Modern mines quietly reshape the landscape every hour of every day. Most of this movement is slow and harmless, but sometimes slopes suddenly slip or dumps give way, threatening workers, equipment, and nearby communities. This paper shows how satellite-based positioning and advanced data analysis can track tiny shifts in the ground—down to fractions of a millimeter—and turn them into early warnings before minor sagging becomes a major disaster.

Figure 1
Figure 1.

Listening to the mine with satellite signals

Instead of relying only on visual checks or occasional surveys, the authors use a network of permanent Global Navigation Satellite System (GNSS) stations around an open-pit coal mine in Xinjiang, China. These stations, working in Real-Time Kinematic (RTK) mode, continuously measure their three-dimensional position with centimeter-level accuracy every hour, day and night. Over months and years, this creates a rich time-lapse record of how each point on the mine surface slowly rises, sinks, or slides. Hidden in these data are early hints of trouble—but they are buried under a mess of interference from the atmosphere, satellite orbits, electronic noise, and blasting operations.

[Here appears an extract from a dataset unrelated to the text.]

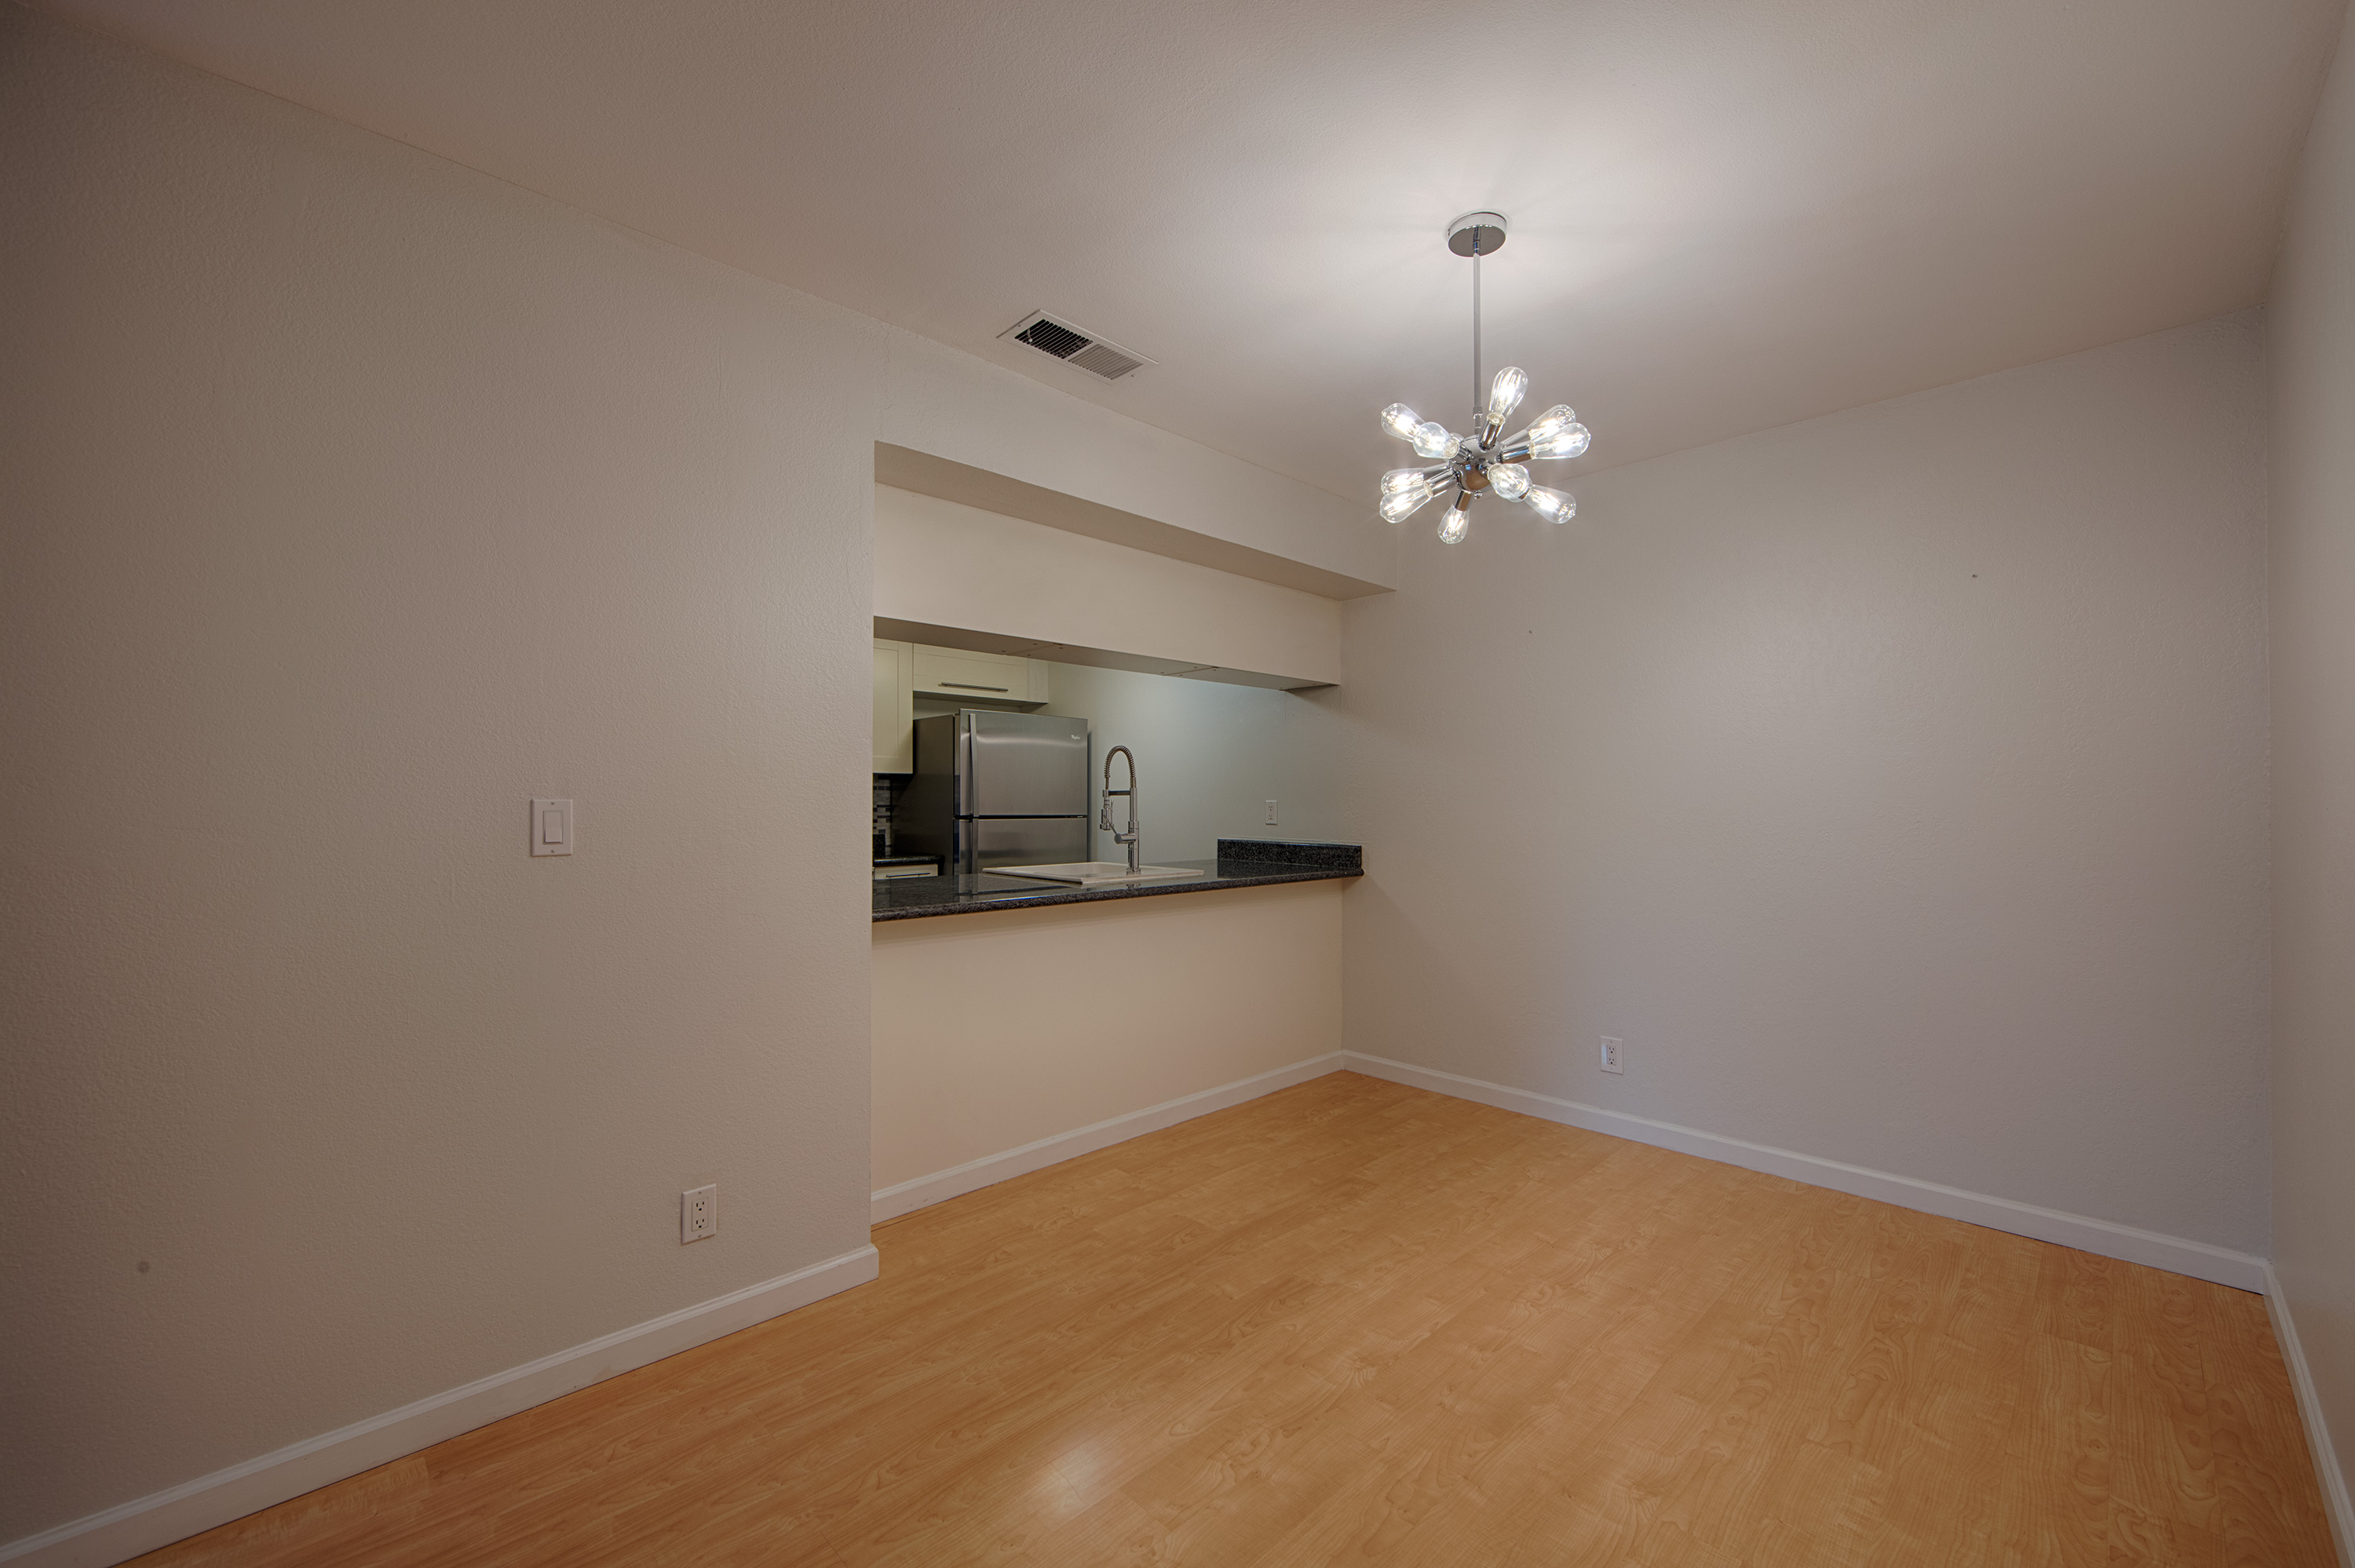 209 Red Oak Dr #Q, Sunnyvale 94086 - Dining Room (A)
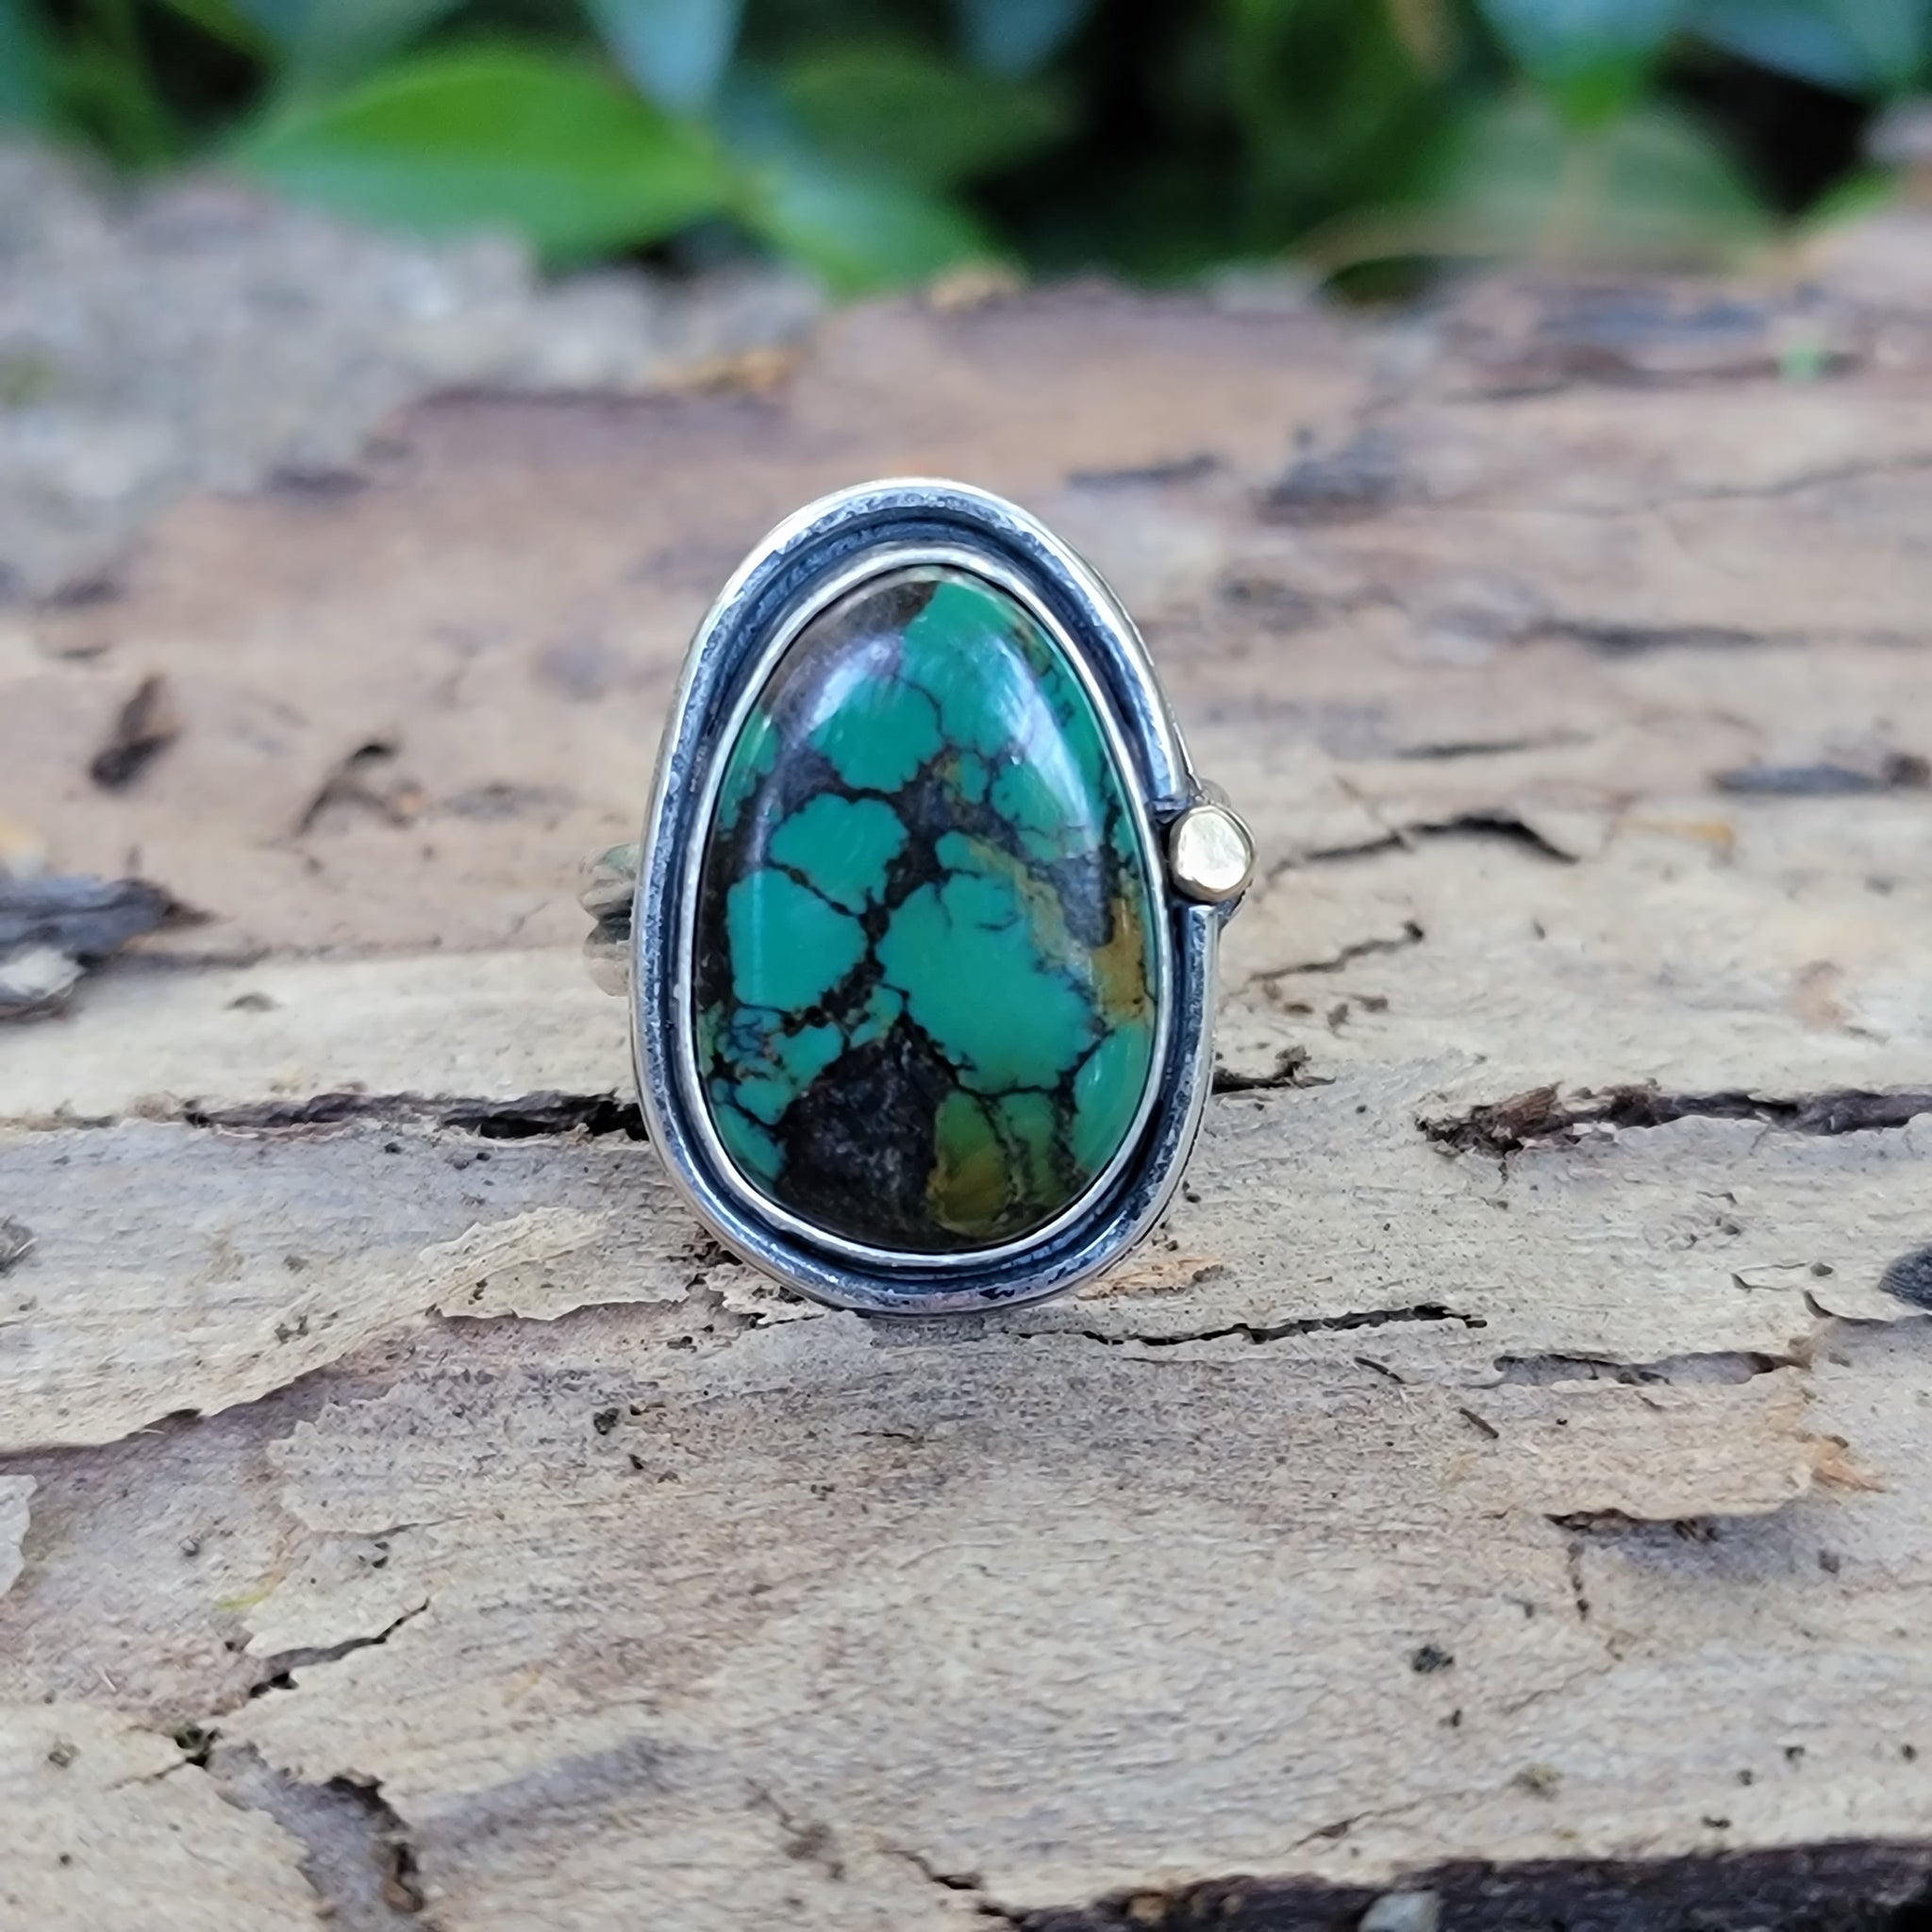 Hubei Turquoise Freeform Ring in Sterling Silver Size 11.5

Cleaning the signal so real motion stands out

To turn noisy measurements into trustworthy ground motion, the team builds a “fusion filtering” pipeline that combines several noise-removal methods instead of relying on just one. First, a median filter weeds out sudden spikes caused by momentary signal loss or electrical glitches. Next, a Butterworth filter is tuned differently for quiet, stable zones and more active slopes, stripping away high-frequency jitter while keeping genuine low-frequency ground motion. A Savitzky–Golay filter then smooths the data while preserving important local bends and kinks that may signal changing behavior. Finally, an adaptive Kalman filter adjusts itself depending on how fast the ground is moving, giving more weight either to past trends or fresh observations. This stepwise process reduces scatter in the coordinate data by up to roughly a third in the vertical direction, without erasing meaningful deformation.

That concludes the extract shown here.